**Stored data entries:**
:::::
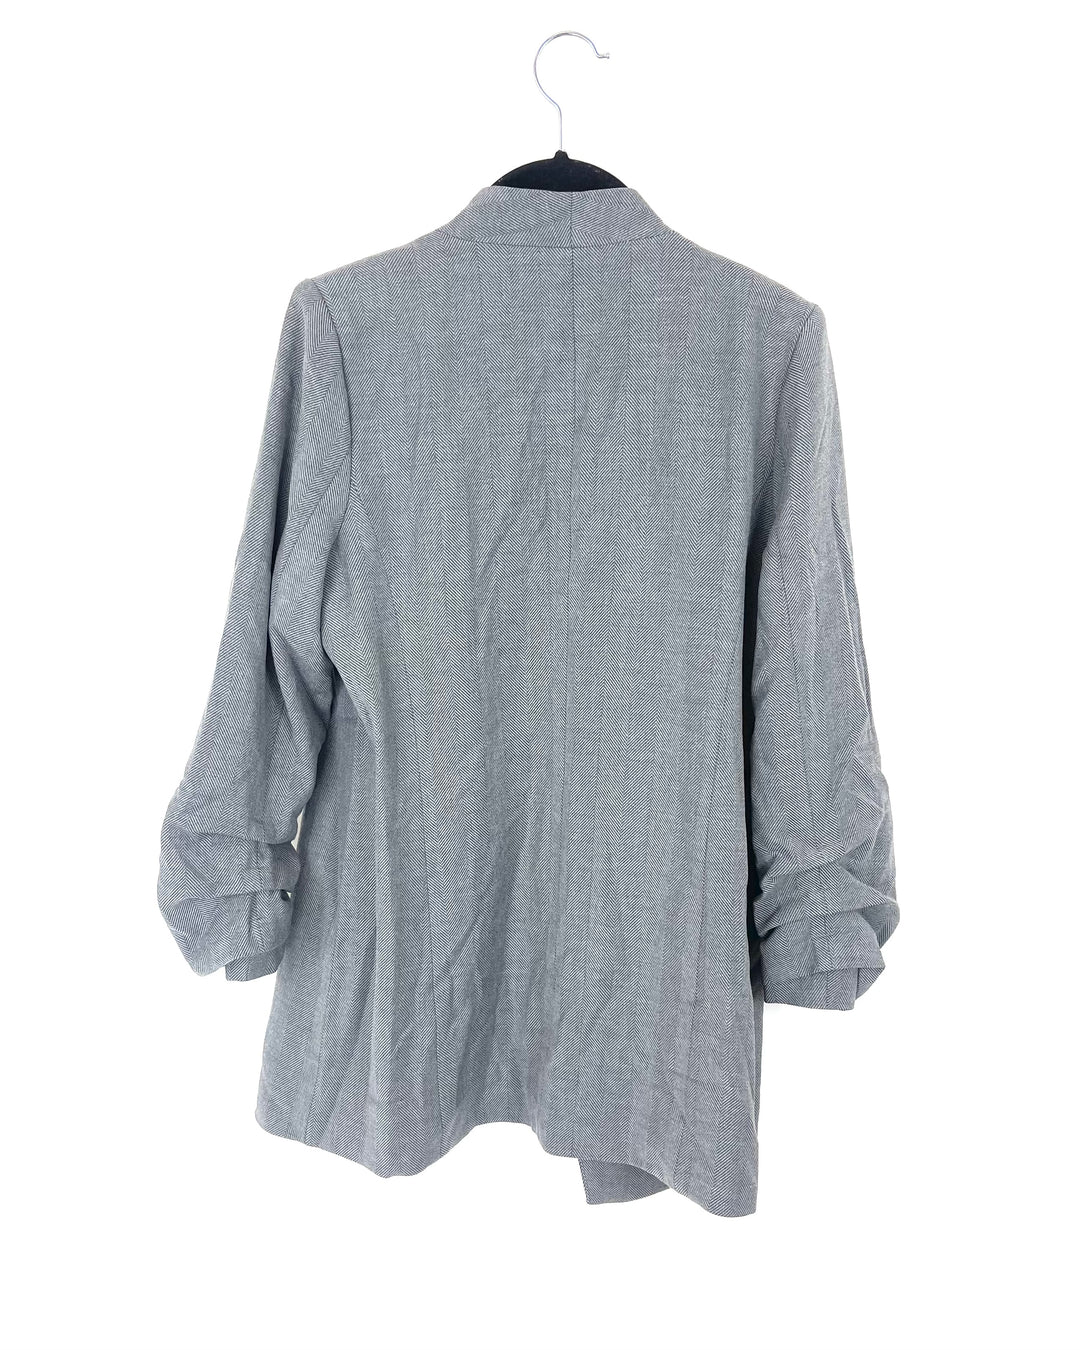 Grey Striped Cardigan - Size 18/20
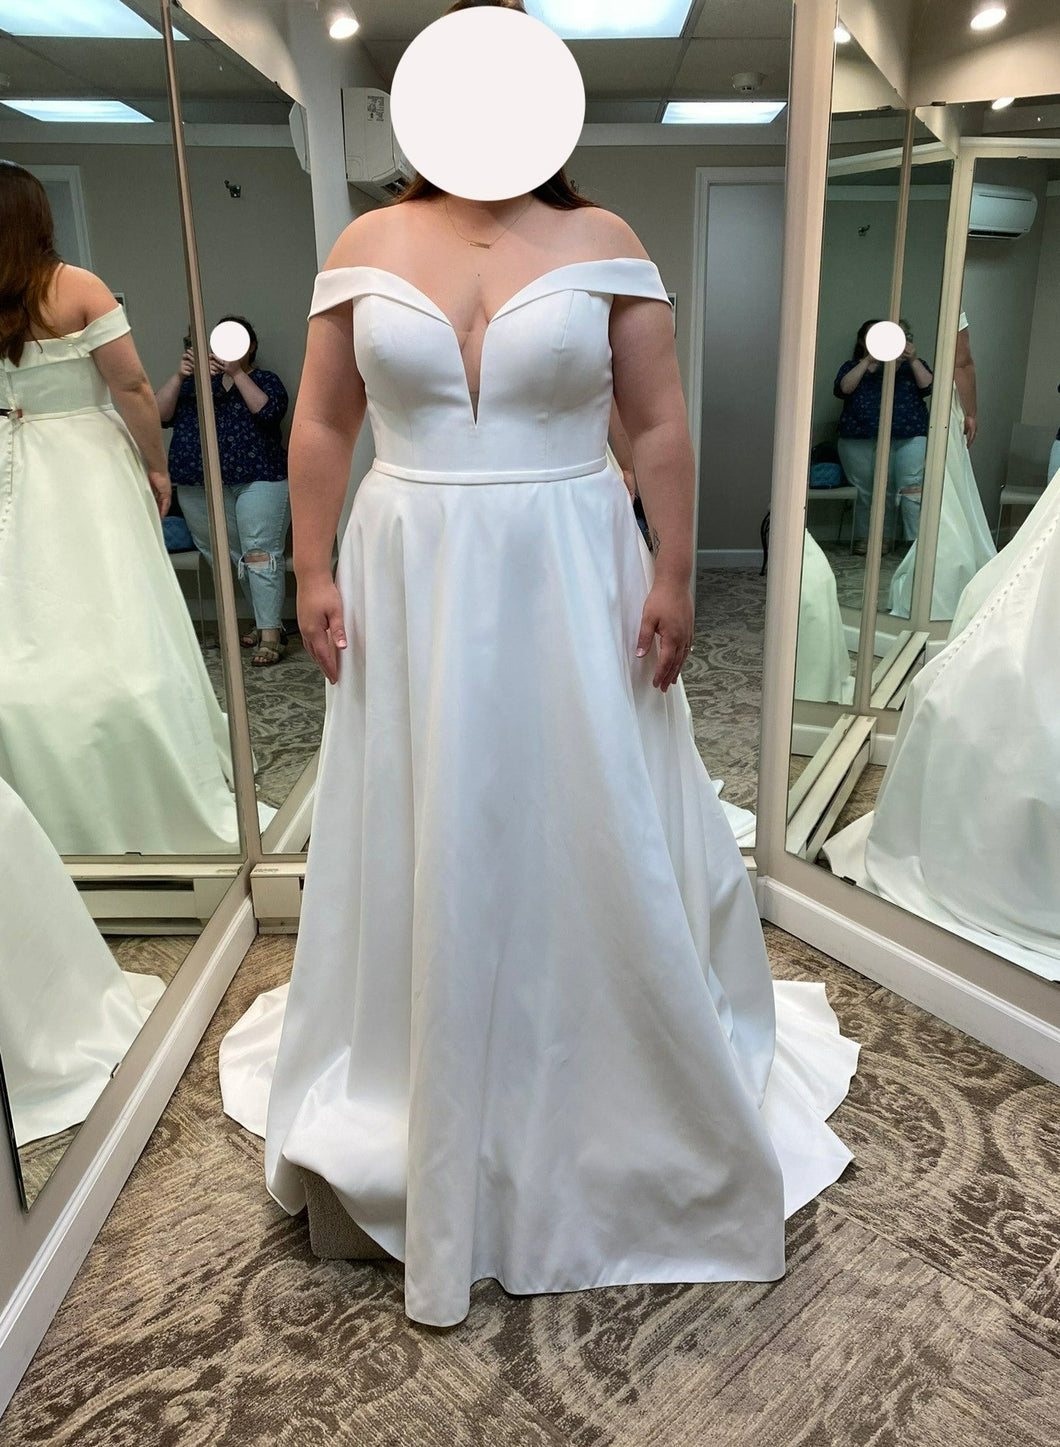 Essense of Australia '121023' wedding dress size-16W NEW
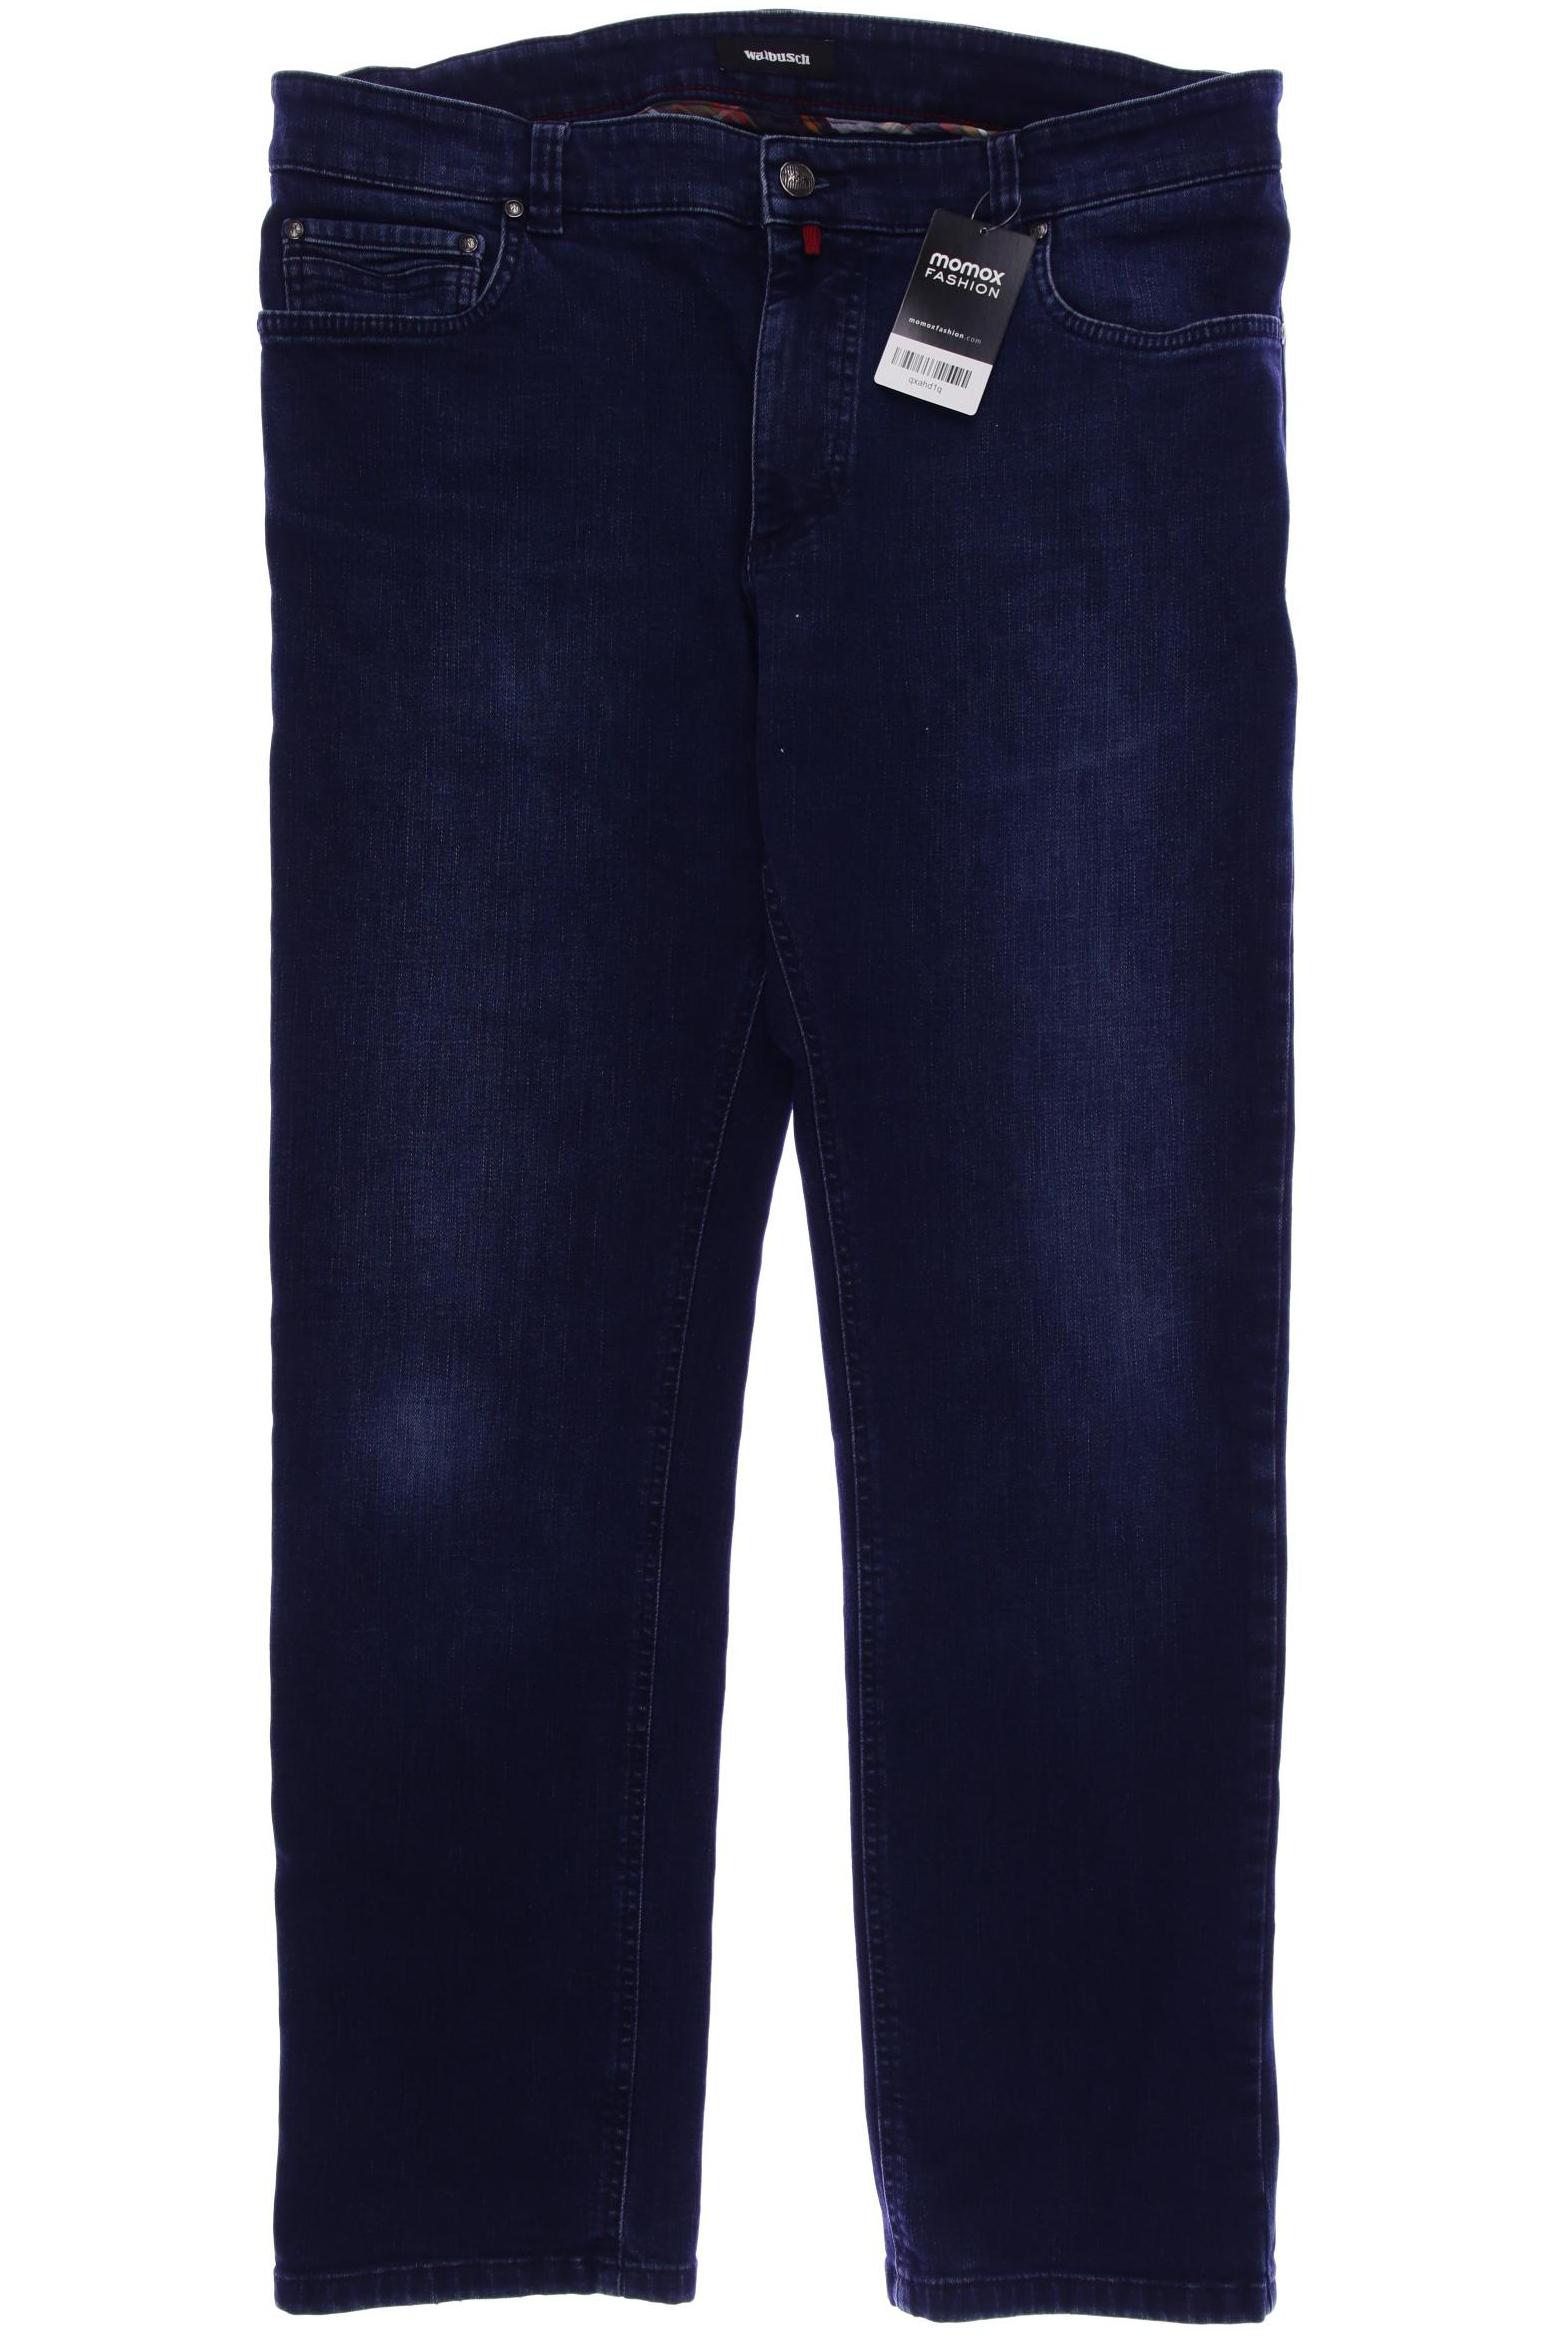 Walbusch Herren Jeans, marineblau von Walbusch
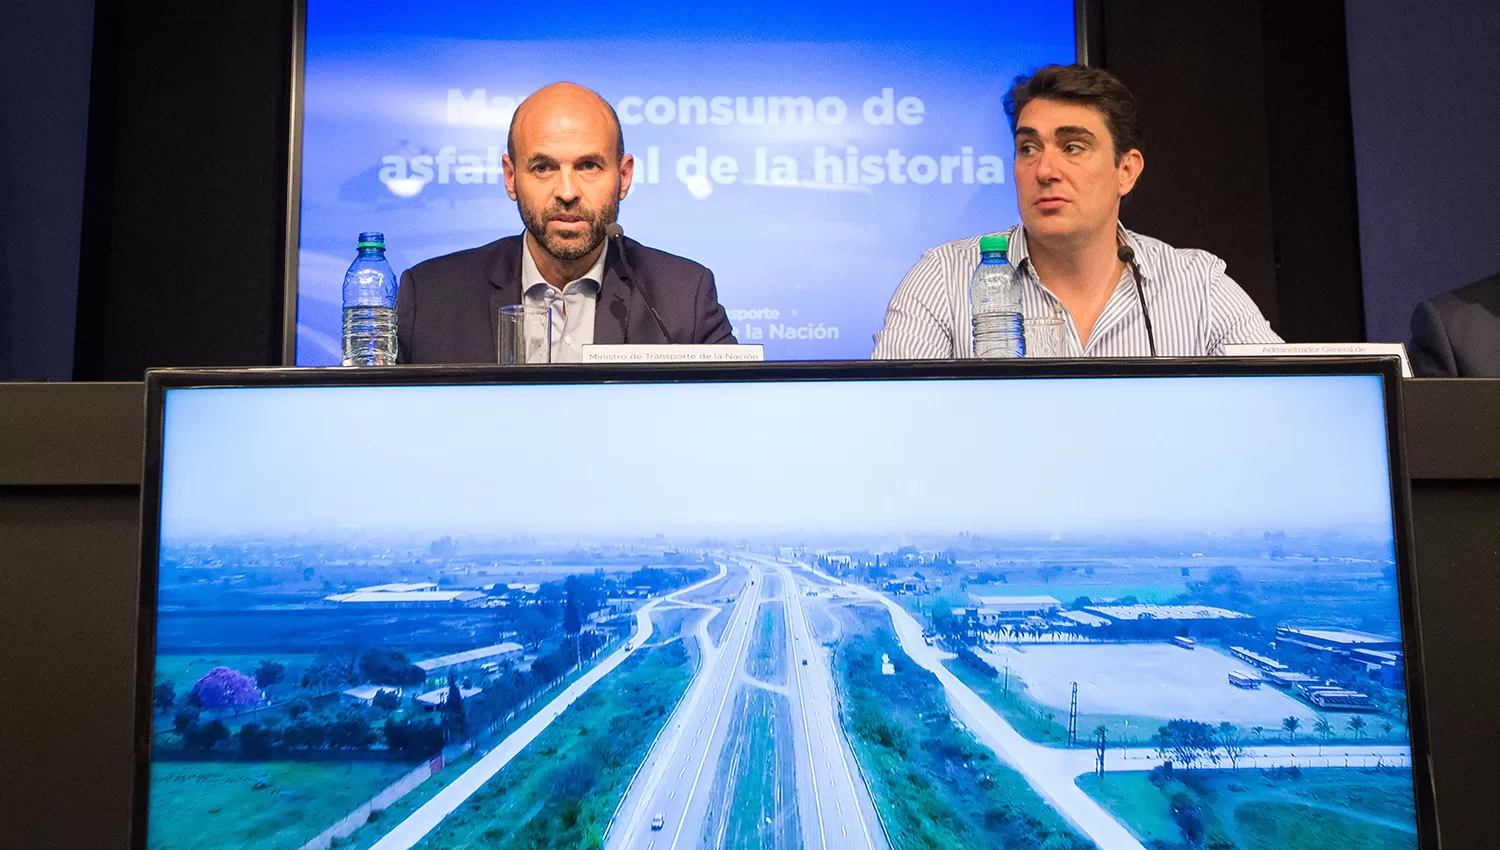 Dietrich, ministro de Transporte, anunció el mayor consumo de asfalta de la historia. FOTO PRENSA TRANSPORTE. 
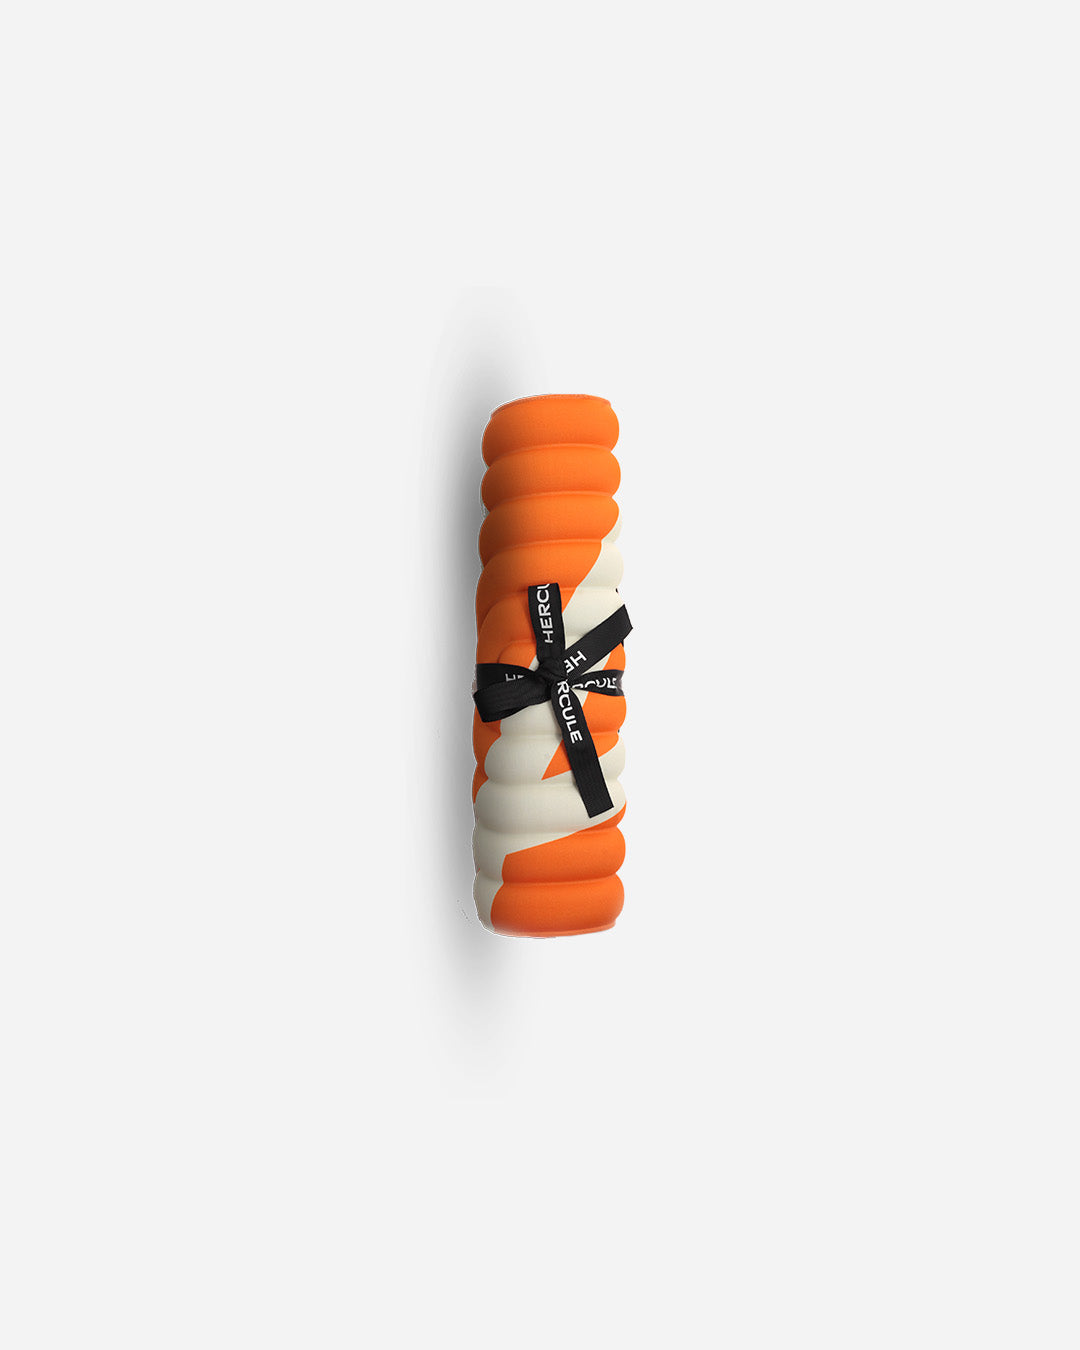 Mini tapis de sol pad de confort de la marque hercule studio modèle galé couleur axel bari orange pop packshot roulé
:::::
**Description of the task:** In the records above, find the line that contains "Essense of Australia". Retype it and every line after it, exactly, leaving out all pictures.

**Output for this task:**
 Essense of Australia '121023' wedding dress size-16W NEW
 Walbusch Herren Jeans, marineblau von Walbusch
 Dietrich, ministro de Transporte, anunció el mayor consumo de asfalta de la historia. FOTO PRENSA TRANSPORTE. 
 Mini tapis de sol pad de confort de la marque hercule studio modèle galé couleur axel bari orange pop packshot roulé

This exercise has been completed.